The 15,000 separate sorts explains the large memory grant. Each sort instance has a minimum size of 40 pages, which is 40 x 8KB = 320KB. The 15,000 sorts therefore require 15,000 x 320KB = 4,800,000KB memory as a minimum. That is just shy of 4.6GB RAM reserved exclusively for a query that sorts 15,000 rows containing a single integer column. And each sort spills to disk, despite only receiving one row! If parallelism were used for the index build, the memory grant could be further inflated by the number of threads. Note also that the single row is written in a page, which explains the number of pages written to and read from tempdb. There appears to be a race condition that means the reported number of pages is often a few less than 15,000.
This example reflects an edge case, of course, but it is still hard to understand why each sort spills its single row instead of sorting in the memory it has been given. Perhaps this is by design for some reason, or maybe it is simply a bug. Whatever the case, it is still quite entertaining to see a sort of a few hundred KB of data taking so long with a 4.6GB of memory grant and a 15,000 level spill. Unless you encounter it in a production environment, maybe. Anyway, it is something to be aware of.

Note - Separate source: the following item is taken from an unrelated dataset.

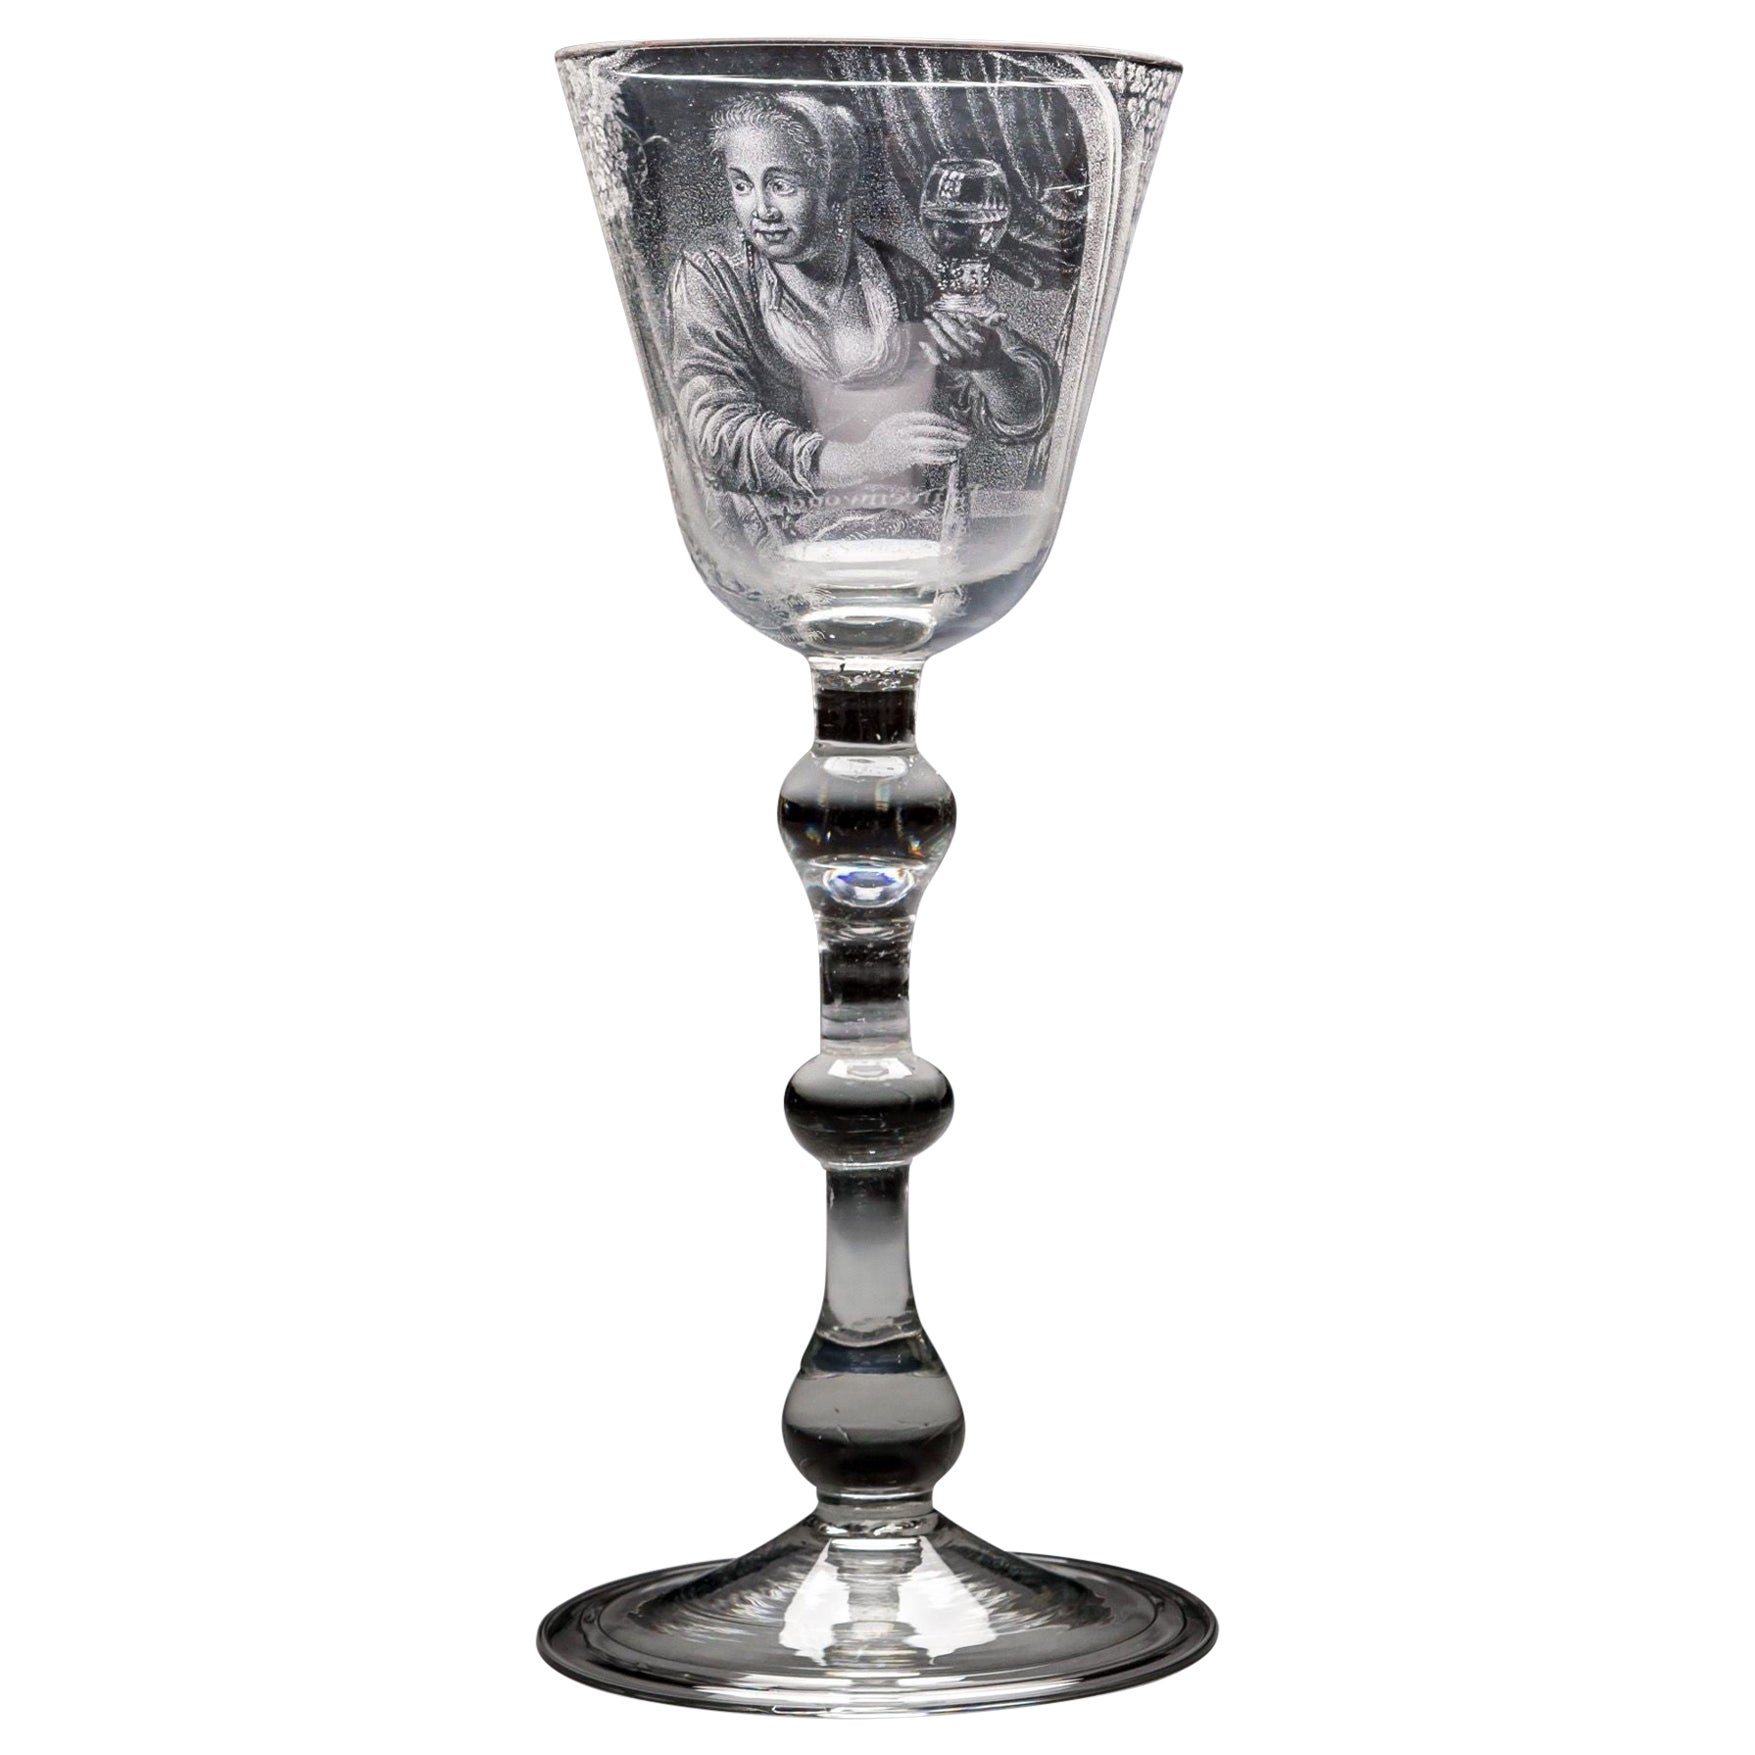 A Rare Documentary Stipple-Engraved Goblet Engraved By Frans Greenwood

The misleading 15,000 level spill report pretty much comes down to representation limitations in show plan output. The fundamental issue is something that arises in many places where repeated actions occur, for example on the inner side of the nested loops join. It would certainly be useful to be able to see a more precise breakdown instead of an overall total in these cases. Over time, this area has improved a bit, so we now have more plan information per thread, or per partition for some operations. There is still a long way to go though.
It is still less than helpful that 15,000 separate level 1 spills are reported here as a single 15,000 level spill.
Test Variations
This article is more about highlighting plan information limitations and the potential for poor performance when extreme numbers of partitions are used, than it is about making the particular example operation more efficient, but there are a couple of interesting variations I want to look at as well.
Online, Sort in tempdb
Performing the same partitioned index creation operation with ONLINE = ON, SORT_IN_TEMPDB = ON
does not suffer from the same enormous memory grant and spilling:
CREATE TABLE dbo.Test2
(
c1 integer NOT NULL
);
-- Copy the sample data
INSERT dbo.Test2 WITH (TABLOCKX)
(c1)
SELECT
T1.c1
FROM dbo.Test1 AS T1
OPTION (MAXDOP 1);
-- Partitioned clustered index build
CREATE CLUSTERED INDEX CUQ
ON dbo.Test2 (c1)
WITH (MAXDOP = 1, ONLINE = ON, SORT_IN_TEMPDB = ON)
ON PS (c1);
Note that using ONLINE
on its own is not sufficient. In fact, that results in the same plan as before with all the same issues, plus an additional overhead for building each index partition online. For me, that results in execution time of well over a minute. Goodness knows how long it would take on a low-spec Azure instance with terrible I/O performance.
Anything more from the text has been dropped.